En sélectionnant mes sources d’informations comme je le fais, je choisis en quelques sortes qui sont les gens et les idées qui vont m’intoxiquer. Mais je préfère me dire qu’il s’agit d’un choix conscient et réfléchi, grâce à ma connaissance des motivations de ces personnes et de ces idées. Cela me semble mieux que de m’intoxiquer sans en avoir conscience à des médias ou des personnes que je jugerais naïvement neutres, ou de m’intoxiquer à des discours de division et de haine.

Pleutre /pløtʁ/ (n.m.)

1. Homme vil et lâche.
2. Homme sans caractère, sans courage, sans dignité.

Je me sens pleutre, parfois. Parfois, aussi, on me le dit. Parce que je critique, je dénonce, mais je n’agis pas.

La plupart du temps, je me contente même d’être un consommateur d’informations, c’est à dire que je lis des textes, j’écoute des émissions, je regarde des vidéos produites par d’autres. En s’arrêtant là, on peut être sûr que rien ne changera.
Certains écoutent NRJ, regardent D8 à la télé, lisent parfois Closer. D’autres écoutent France Info, regardent TF1, lisent quotidiennement le 20minutes. Si moi j’écoute Radio Libertaire, si je regarde des documentaires que je fais moi même le choix de visionner en les téléchargeant (n’ayant pas la télé), si je lis Courant Alternatif et CQFD, c’est bien joli, mais être un consommateur de la contestation n’est pas suffisant.

Résultat, je m’indigne. J’avale des pilules rouges (métaphore faisant référence à Matrix : en s’informant, on a parfois un « déclic » qui nous aide à percevoir des choses qui nous entourent et qu’on ne percevait pas avant. Par exemple, l’influence des structures que sont le patriarcat, le capitalisme, le racisme comme système, etc. Une fois le déclic survenu, on ne peut plus revenir en arrière et ne plus voir ces influences. On a donc tendance à les voir partout, car de fait elles sont partout).

Je m’indigne, mais ce n’est pas suffisant. En même temps, c’est un début, non ? Il faut bien commencer quelque part.

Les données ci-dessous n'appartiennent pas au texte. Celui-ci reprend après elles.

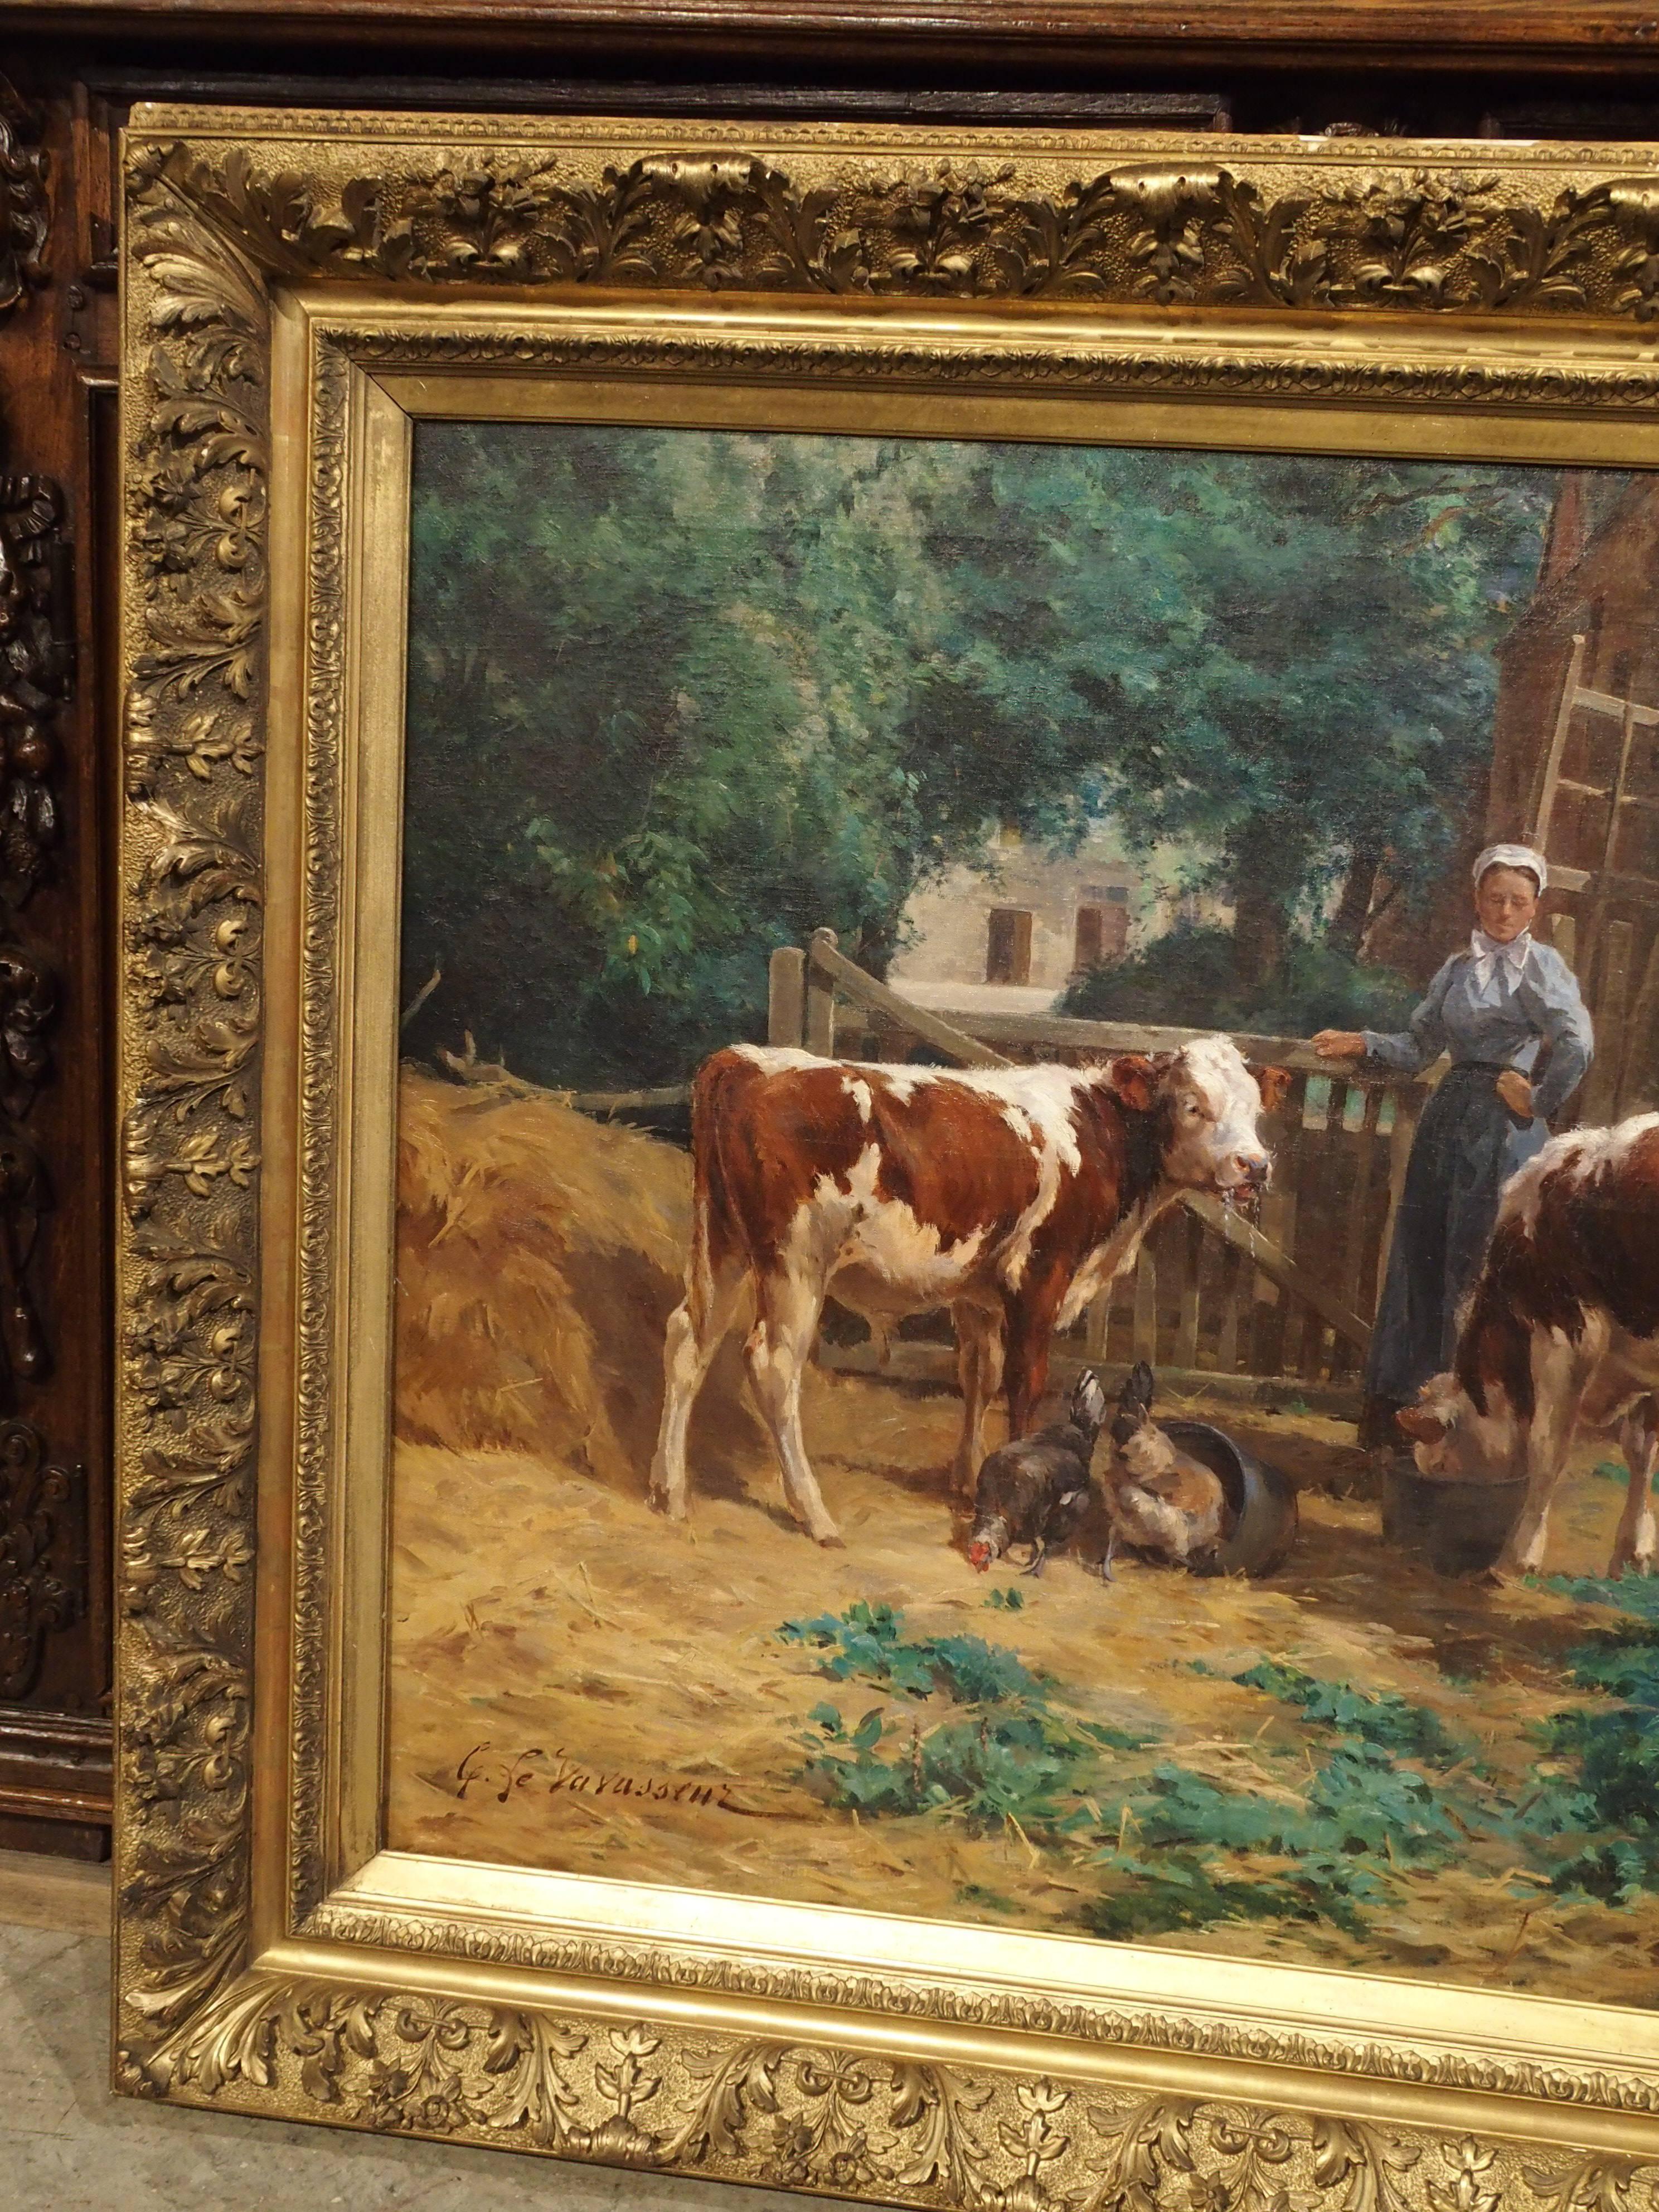 Cyprien Le Vavasseuer (1866-1924)

This oil on canvas depicts a peaceful, sunny, summer afternoon with cows and roosters at feeding time. There is a female caretaker in attendance within the enclosed area of the barnyard, and the ground is strewn

À moins d’être clairement profiteur de ce système inique, nous sommes tous en contradiction avec nos idéaux. Est-ce que je pourrais en faire une liste ? Pfiou, peine perdue ! Mais je suis contre le salariat et pourtant salarié, contre les grands propriétaires et pourtant je loue un appartement que je possède presque à quelqu’un d’autre, contre le système de crédit et j’en ai un sur le dos, etc.

[…]

Il y a plusieurs étapes dans la lutte pour nos idéaux. Le constat/prise de conscience, tout d’abord, qui permet d’ouvrir les yeux sur nos propres actions, notre place au milieu de ce système globalisé d’oppression, où on arrête de répéter les arguments maintes fois entendus (« il y a plus urgent », « de toute façon il y en a qui le veulent bien », « c’est comme ça que ça marche », « l’ordre naturel », etc.). L’abattement, qui est décrit dans ce billet il me semble, où on se sent moins que rien pour faire autant de mal. La colère, où on en veut au système (dans lequel on est né) de nous avoir aveuglé et caché volontairement la portée de nos actions, de nous avoir poussé à la dépolitisation. Puis la lutte, enfin.

Kevin (réponse à cet article de Mitsu)

Voilà qui est rassurant. Cependant, je ne sais pas comment passer au delà du stade de la consommation, de la prise de conscience, de l’indignation. Ce stade est trop confortable, il ne requiert pas encore d’efforts réels.

C’est pour ça que j’ouvre ce blog : la production, la mise en forme de mes pensées, la discussion, c’est déjà aller un petit cran au delà de la pure consommation.